╭──
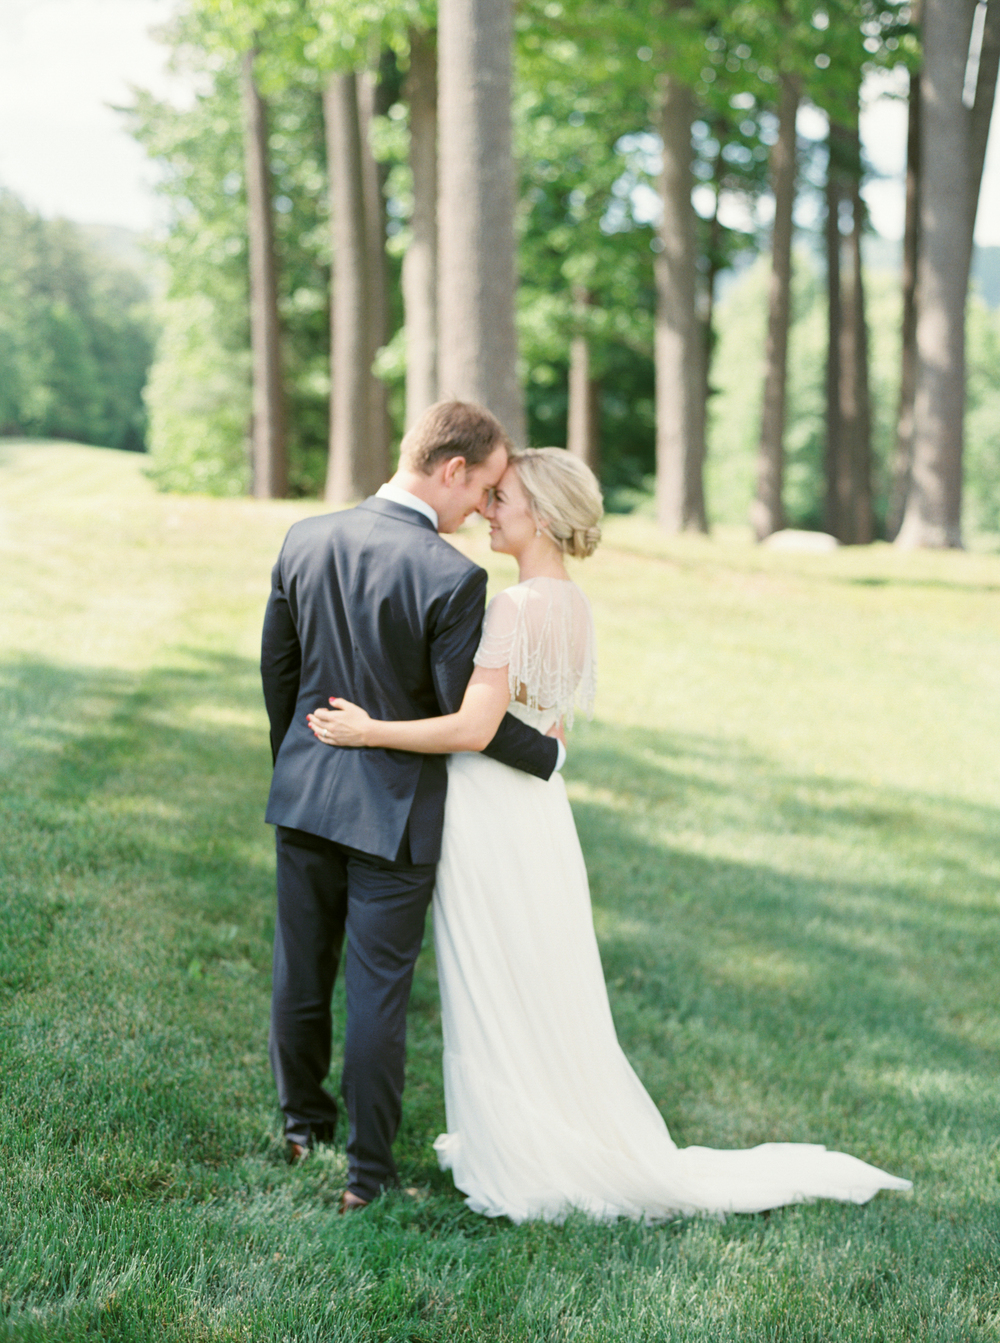 Jen & Russel | Sawyer Baird (9 of 19).JPG
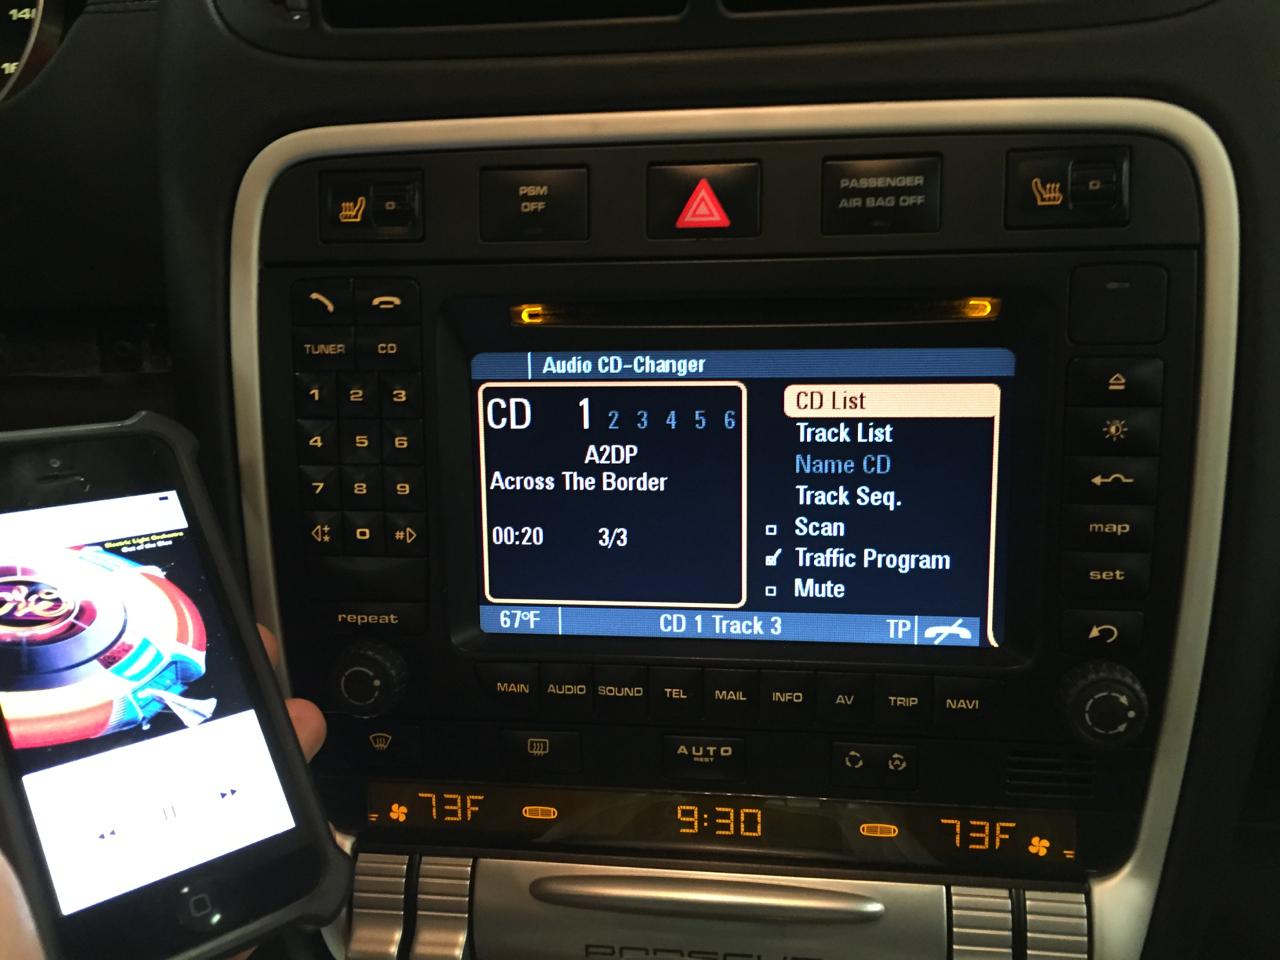 Porsche Cayenne - Remote Car Starter and Bluetooth - Car ...
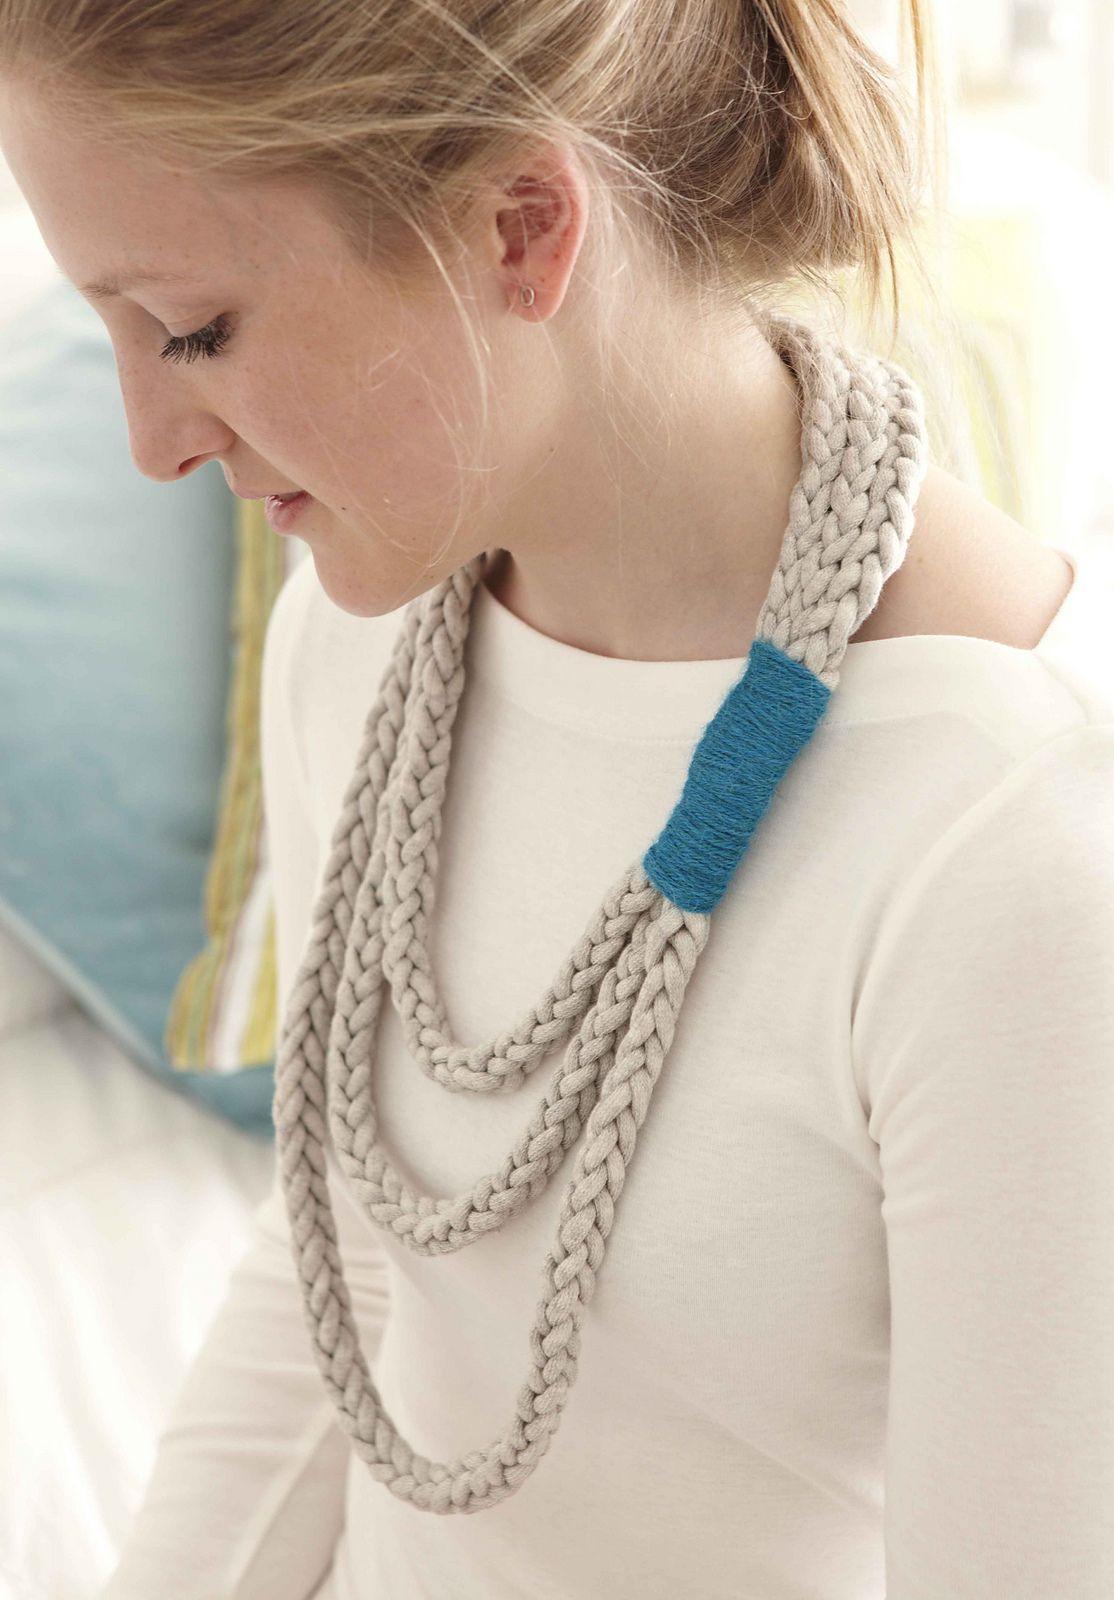 Ravelry: Layered Loop Necklace by Laura Strutt | Πλεκτά κασκόλ ...
╰──
Leaving the pictures aside, write out only the lines from the one containing "Porsche Cayenne - Remote" through the end of the material, exactly as they stand.

• **COMPLETED TASK**:
 Porsche Cayenne - Remote Car Starter and Bluetooth - Car ...
 Ravelry: Layered Loop Necklace by Laura Strutt | Πλεκτά κασκόλ ...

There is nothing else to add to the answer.